There Are Lessons
By Richard L. Collins August 2008
I recently had a long conversation with a pilot who is a Cirrus owner as well as a student of the airplane's history. We found things to agree on, and things to disagree on, but the dialogue was and is important. He thinks that I am picking on the Cirrus because I refer to it so much. That is not the case. I like to study it because it is a new design airplane with exciting features like an airframe parachute, and it is backed up with what is probably the industry's most extensive training program for a fixed-gear single-engine airplane. There are more important safety lessons to be learned from the accident history of the Cirrus than from any other source when it comes to new airplanes.
Start with an important item, which I have discussed before. Cirrus pilots do fly more IFR flights and hours than Cessna 182 pilots, for example. You can look at flightaware.com any day and see that there are often twice as many Cirrus airplanes in the system as there are Cessna 182s.
My Cirrus guy says this proves that Cirrus airplanes fly more because everyone who goes places in an airplane goes on an IFR flight plan. I don't agree.
Cirrus pilots are taught, in their training program, to operate IFR and they file and fly IFR. This has nothing to do with instrument flying, it deals only with the type of flight plan the pilot files and flies. Clear skies are often filled with Cirruses and other airplanes on IFR flight plans.
By contrast, the new Cessna 182 that I rent and fly is not often flown on IFR flight plans other than when I fly it or on training flights. The airplane has flown over 400 hours and there are few flight plans stored in the G1000. Pilots who fly 182s are far more likely to fly VFR except when the weather dictates that they file and fly IFR. Most pilots who fly 182s are not the type who file and fly IFR on clear days. Nor, apparently, do they push as hard to get places in their airplanes.
This pilot opined that when the Cessna 350/400 is delivered in numbers it will have a similar accident history to the Cirrus. I don't quite agree because I think the 350/400 might not do as well as the Cirrus.

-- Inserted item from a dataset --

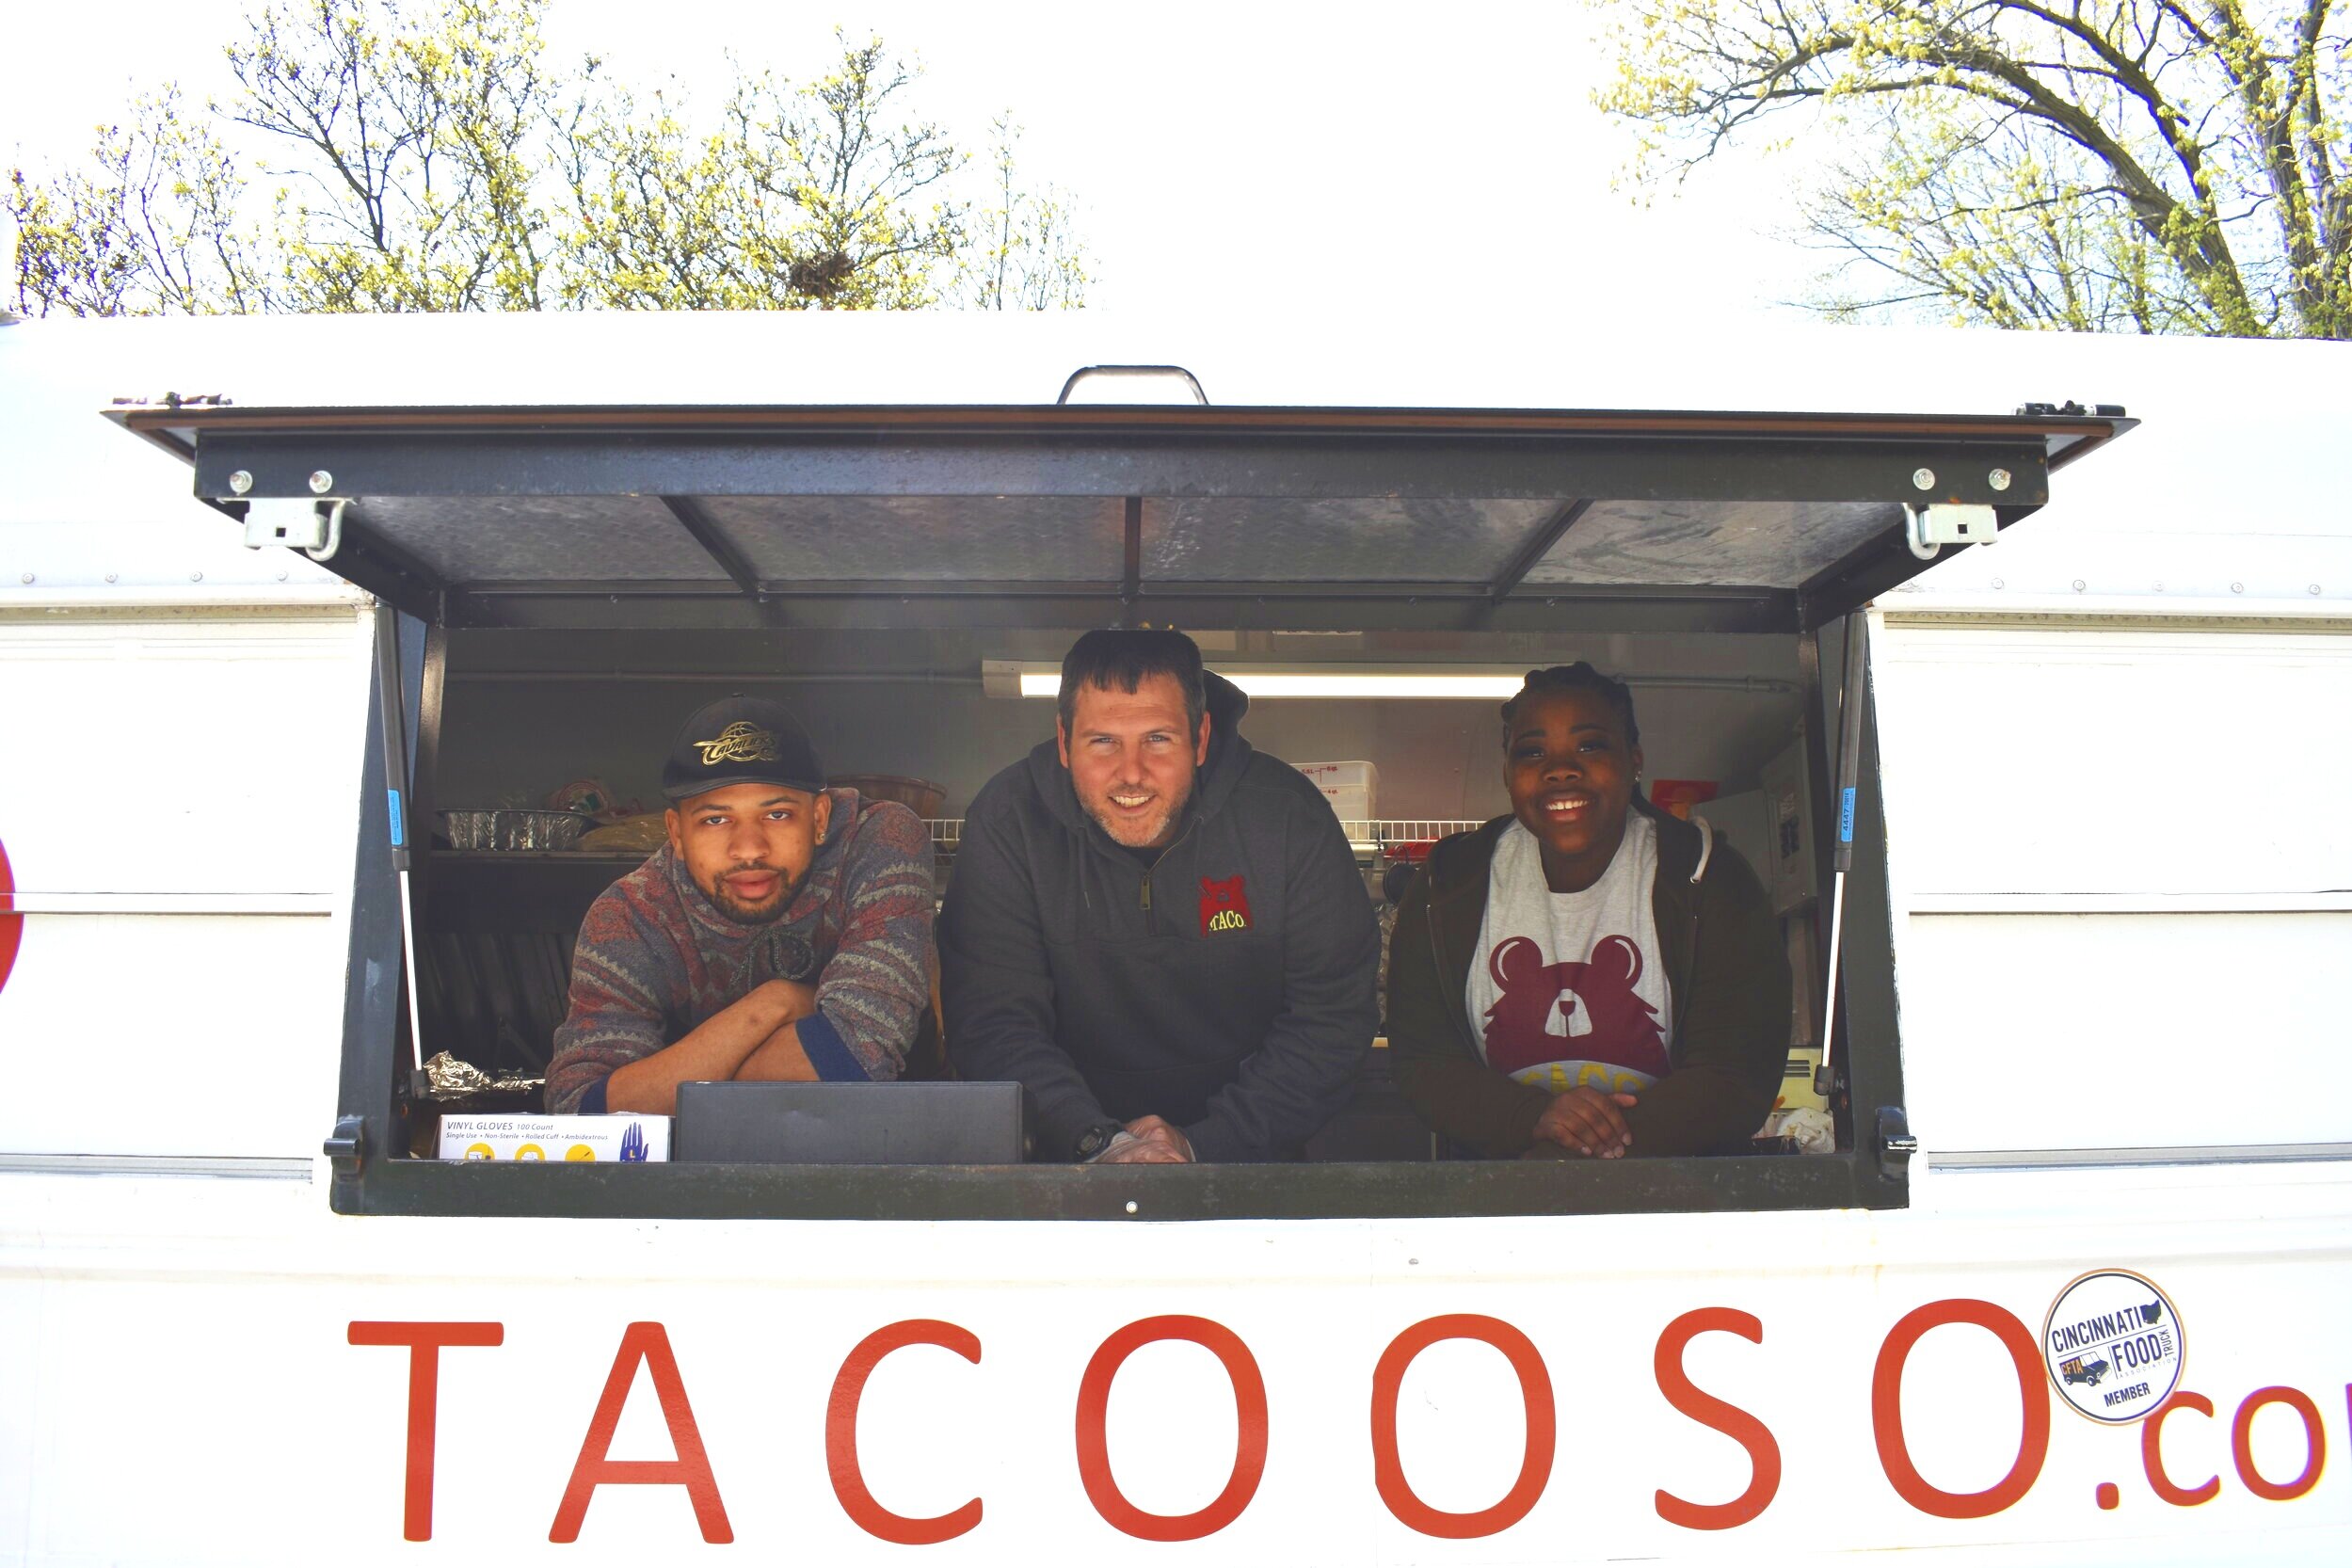 Taco+Oso+Crew+w+truck.jpg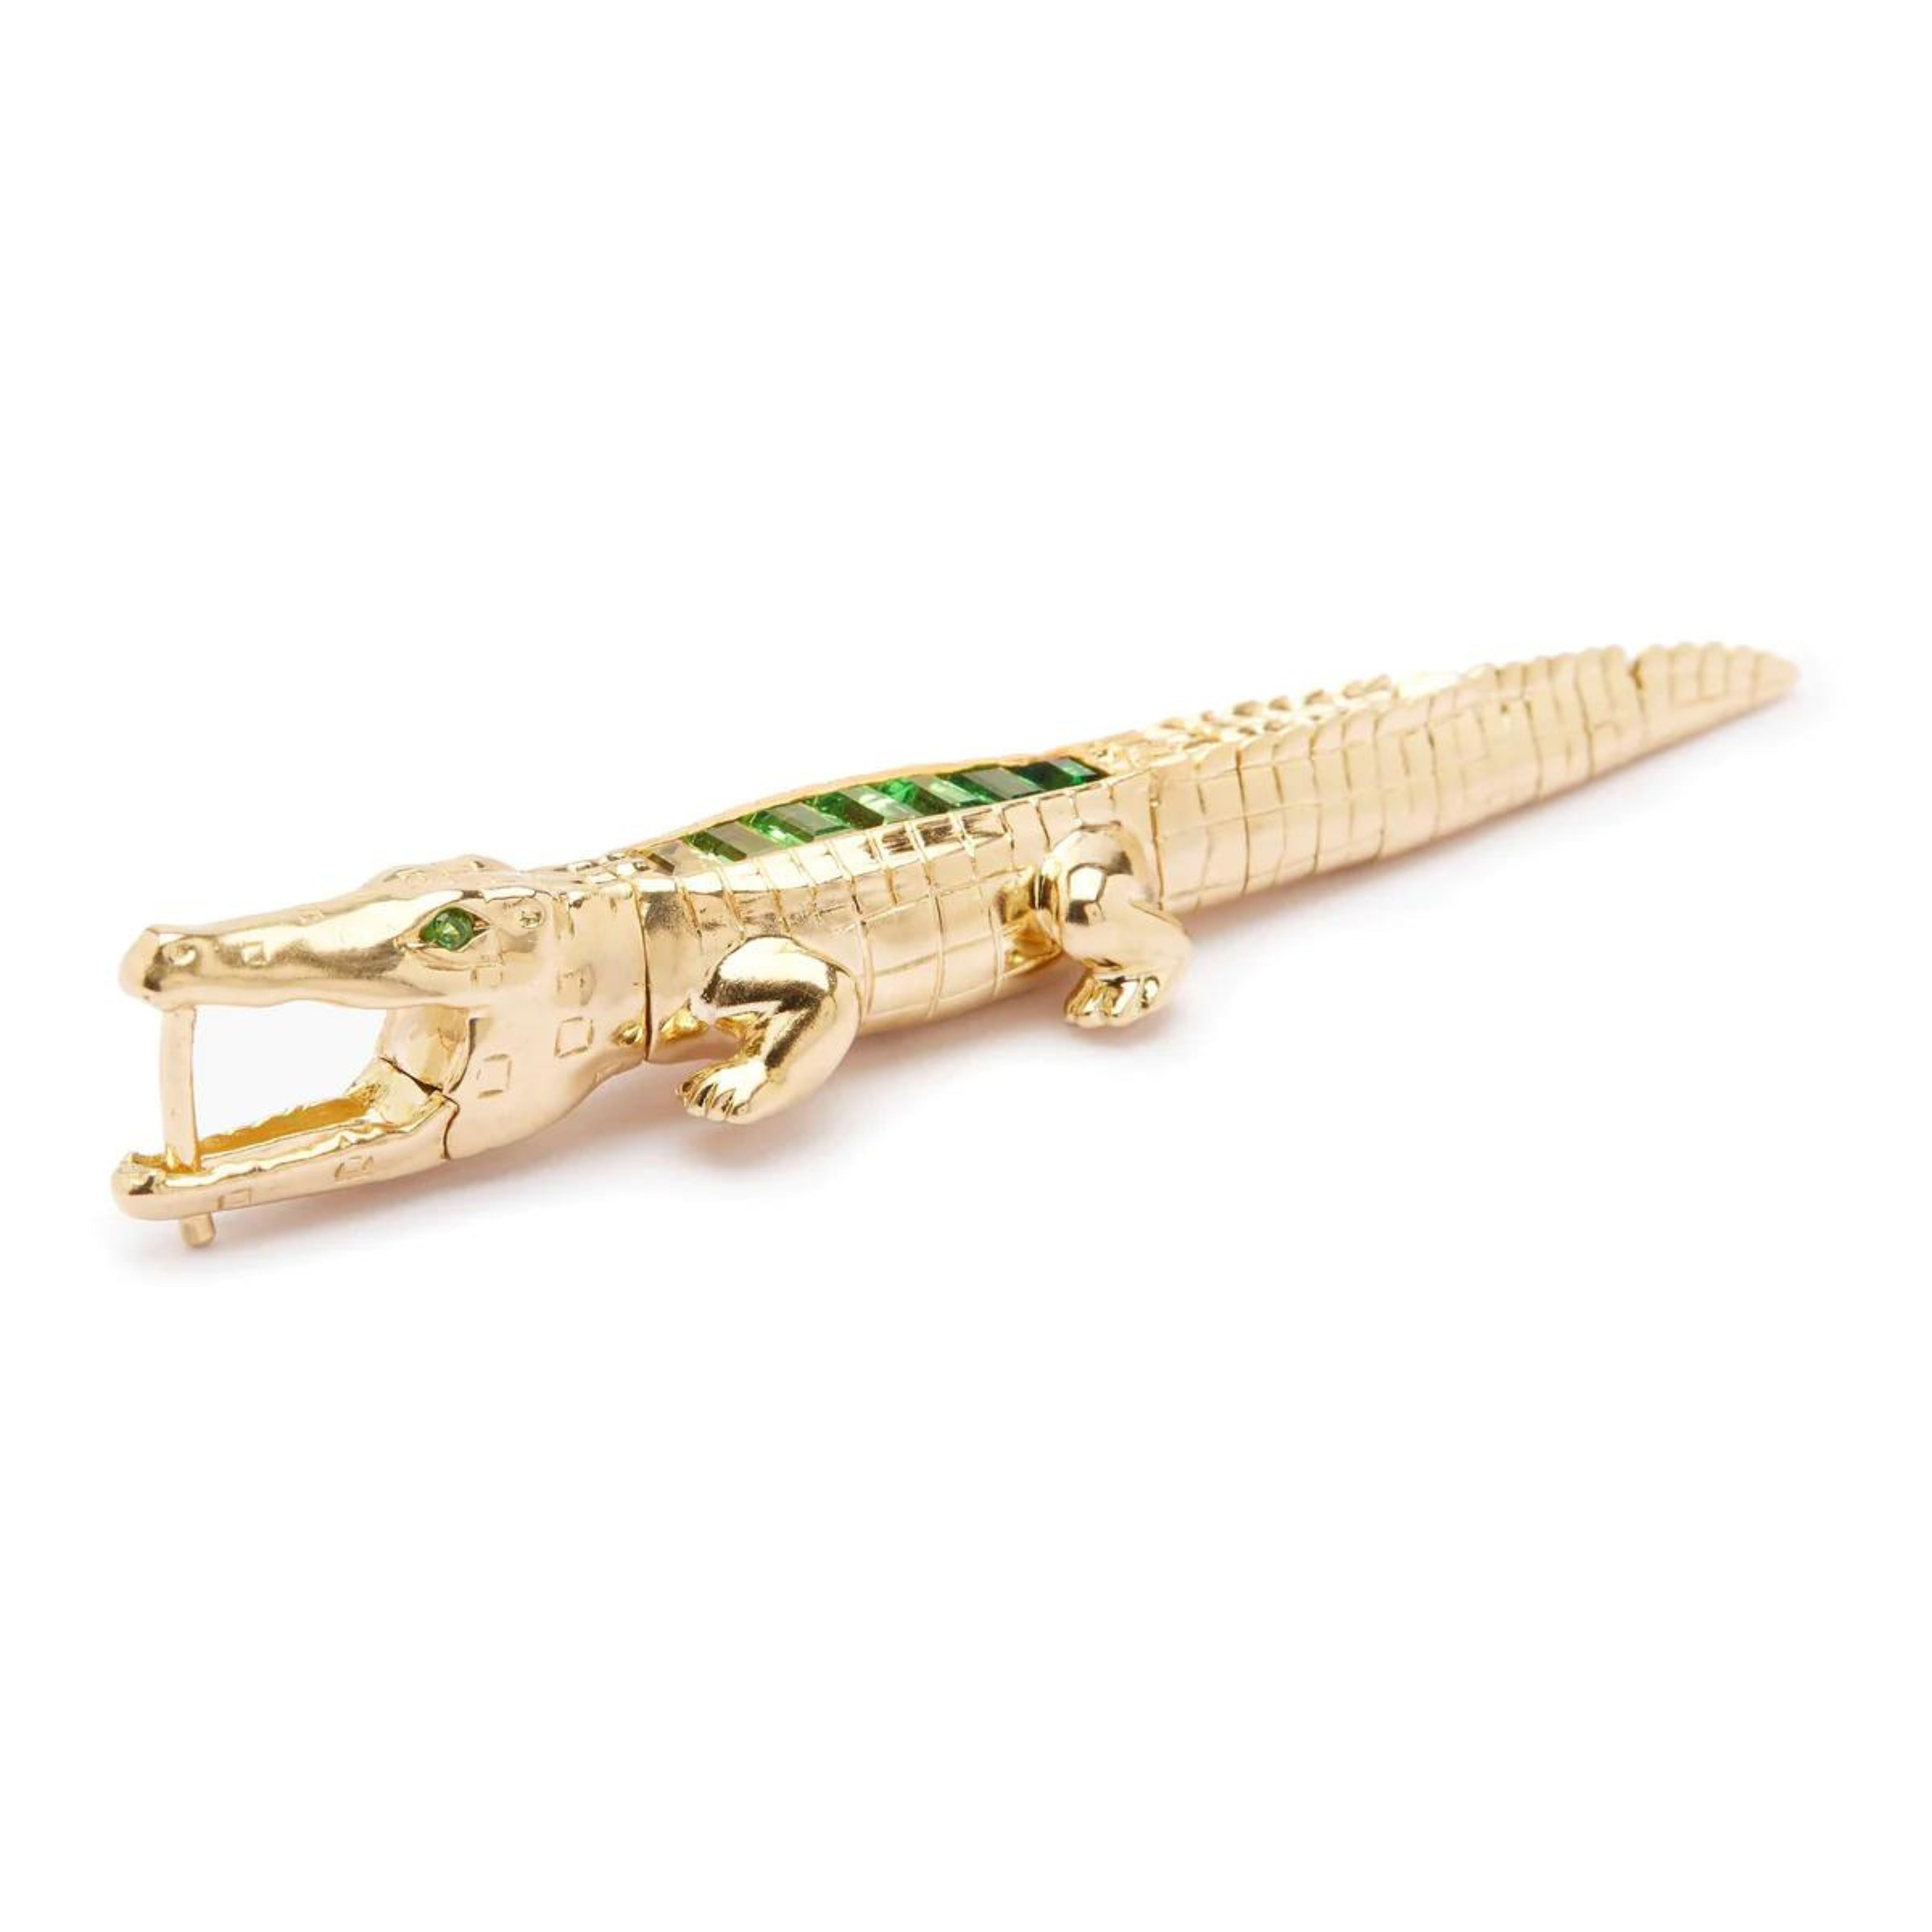 Bibi ven der Velden, Tsavorite Alligator Ear Bite Earring  Crafted in 18K yellow gold and featuring an arrangement of green tsavorites, the intricately carved design replicates an alligator&#39;s body.

For one thing, the 350/400 might not have as thorough a training program as the Cirrus has. Even more important, though, is the pilot personality factor. The 350/400 comes across as a more aggressive airplane than the Cirrus and more aggressive airplanes have always attracted more aggressive pilots. Certainly the accidents that the 350/400 had as Lancair and Columbia airplanes reflected this. Like the Cirrus accidents they have been related more to what the pilot does with the airplane, or tries to do with the airplane, than to the airplane itself. By contrast, the Cessna 182 hardly attracts aggressive pilots and its accident history reflects this.
The 182 will likely forever have a better record than the Cirrus or the Cessna 350/400, not because it is a "better" airplane or because of superior flying qualities but because of its personality.
Even the training business is suspect. Training can ensure that the pilot is familiar with the flying qualities of an airplane as well as its systems, including avionics. What training can't do is keep the pilot from taking risks that are totally out of proportion to the rewards. I think the Cirrus experience should cause us to seriously question the purpose and the effectiveness of training in what are basically simple single-engine airplanes.
In the Cirrus fatal accidents where probable cause has been established and pilot experience is listed, there are neither a lot of low-time pilots nor a lot of low-time Cirrus pilots. Of 23 accidents studied, the most inexperienced pilot had 185 hours with 12 in type. Only about a third of the pilots had less than 100 hours in a Cirrus and two had 500 or more hours in type.
The conclusion that I draw is that Cirrus pilots leave their initial training well prepared to operate the airplane and they do so for a while. As far as the stick, rudder, throttle and the avionics knobs go, they are competent pilots. They fly until they reach that temptation point and cross a line in an attempt to do something with the airplane that is beyond their ability or the airplane's capability. The accident has nothing to do with the airplane, the pilot's training or the pilot's experience. It has everything to do with the pilot's inability to distinguish between the possible and the impossible.
Most pilots who fly Cirrus airplanes and who will be flying Cessna 350/400s are family men with successful business or professional lives. In many cases there are probably misgivings about their flying among family and friends. That means that the pilot usually puts some effort into trying to convince the doubters that flying is "safe." That is all well and good, but trouble comes if and when the pilot convinces himself that flying is anywhere near being "safe." The pilot is the determinant of that and, as we have learned many times over the years, the slightest lapse in judgment can kill you quick.
The Price of Fuel
Avgas prices are high enough to make a grown man cry. Historically, avgas has been as much as twice the price of automobile gasoline and in some places avgas is at or near that level.
So is there a pony in this room full of manure? It is hard to find but things might not be as far out of whack as you think, at least relative to things that happened in the past.